Comment 1 Radar WebKit Bug Importer 2017-03-27 17:38:48 PDT
<rdar://problem/31287788>
Comment 2 Jonathan Bedard 2017-03-27 17:43:39 PDT
Created attachment 305530 [details]
Patch
Comment 3 Build Bot 2017-03-27 23:15:53 PDT
Comment on attachment 305530 [details]
Patch

Attachment 305530 [details] did not pass ios-sim-ews (ios-simulator-wk2):
Output: http://webkit-queues.webkit.org/results/3423708

New failing tests:
http/tests/incremental/stylesheet-body-incremental-rendering.html
Comment 4 Build Bot 2017-03-27 23:15:56 PDT
Created attachment 305566 [details]
Archive of layout-test-results from ews124 for ios-simulator-wk2

The attached test failures were seen while running run-webkit-tests on the ios-sim-ews.
Bot: ews124  Port: ios-simulator-wk2  Platform: Mac OS X 10.11.6
Comment 5 Alexey Proskuryakov 2017-03-28 17:16:16 PDT
This needs to be considered in the context of the issue that we have on Mac EWS, where DumpRenderTree processes get stuck.

This patch would kill them, but it will not resolve the root cause that makes CG calls freeze, so it may make the behavior worse overall. Not sure how to determine that.
Comment 6 Carlos Alberto Lopez Perez 2017-04-03 18:13:22 PDT
(In reply to Alexey Proskuryakov from comment #5)
> This needs to be considered in the context of the issue that we have on Mac
> EWS, where DumpRenderTree processes get stuck.
> 
> This patch would kill them, but it will not resolve the root cause that
> makes CG calls freeze, so it may make the behavior worse overall. Not sure
> how to determine that.

This mimics the behaviour of the bots. The script kill-old-processes is executed by the bots on each new run.

I think that having the behaviour on the bots and on the EWS is something good.
Comment 7 Carlos Alberto Lopez Perez 2017-04-03 18:13:54 PDT
(In reply to Carlos Alberto Lopez Perez from comment #6)
> I think that having the behaviour on the bots and on the EWS is something
> good.

 ^^^^ I think that having the (same) behaviour on the bots and on the EWS is something good.
Comment 8 Alexey Proskuryakov 2017-04-03 18:24:33 PDT
I would agree in theory, but in practice, we don't get the same behavior with stuck CG calls on regular bots.
Comment 9 Carlos Alberto Lopez Perez 2018-06-19 08:05:43 PDT
(In reply to Alexey Proskuryakov from comment #8)
> I would agree in theory, but in practice, we don't get the same behavior
> with stuck CG calls on regular bots.

Not sure if this is an still an issue for you, but giving the timing of the issue I guess its not.

In any I think this patch will be useful anyway.
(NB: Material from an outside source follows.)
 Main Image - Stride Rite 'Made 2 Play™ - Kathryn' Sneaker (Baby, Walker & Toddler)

Since we enabled tests on the GTK EWS in bug 186559 I'm seeing several zombie process on our EWS bot after each run that should be killed to allow it continue without major issues.
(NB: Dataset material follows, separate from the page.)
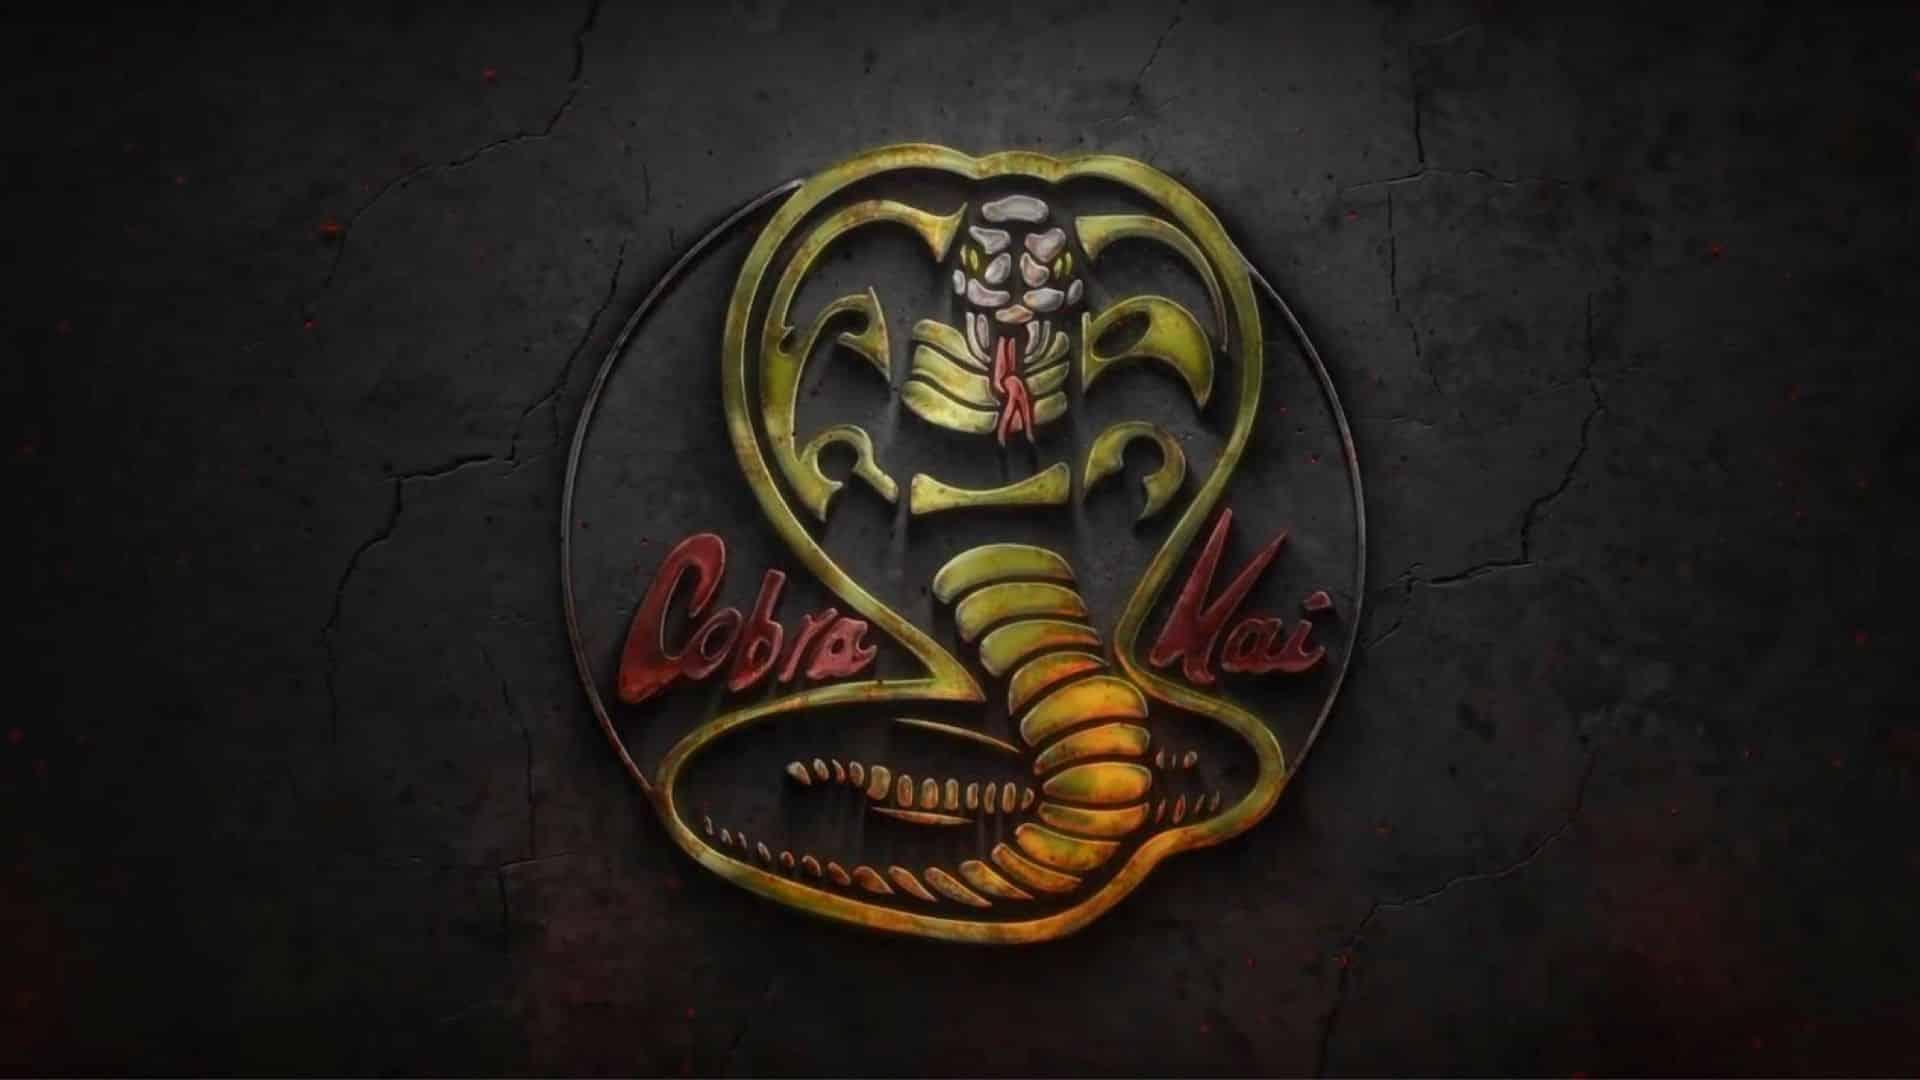 Quand sortira la saison 3 de Cobra Kai de Netflix ? 37

I guess the same happens on our bots, but since there we rely on the kill-old-process step that runs always after each run, that is not an issue on the bots.


I can deploy some workaround locally to kill or restart the EWS more often to avoid this, but having support in the tooling itself will be much better.
Comment 10 Carlos Alberto Lopez Perez 2018-06-19 08:07:02 PDT
Comment on attachment 305530 [details]
Patch

This makes the EWS work more similar to the bots (those always kill old process before starting a new run), so I think this is an overall improvement to make tests on the EWS more reproducible.

I will like to see this landed.
Comment 11 Jonathan Bedard 2018-06-19 14:03:24 PDT
Just a few notes on this:

We aren't seeing these sorts of issues on Mac or iOS Simulator EWS any more. If memory serves, we resolved them by adding exit handlers to webkitpy Simulator management and investigating the root-cause of the zombie processes.

On that note, we had at least one instance in the last year where the zombie processes on EWS were a symptom of a bug in WebKit's multi-process code which was orphaning processes. It's probably worth root-causing why those processes are orphaned.

I believe that in case of EWS machines managed by Apple, we reboot them every 5-10 test runs, Aakash or Lucas would likely know the exact configuration.  I wonder if this might be another solution to the problems the GTK bots are experiencing.

That being said, I'm not opposed to this patch.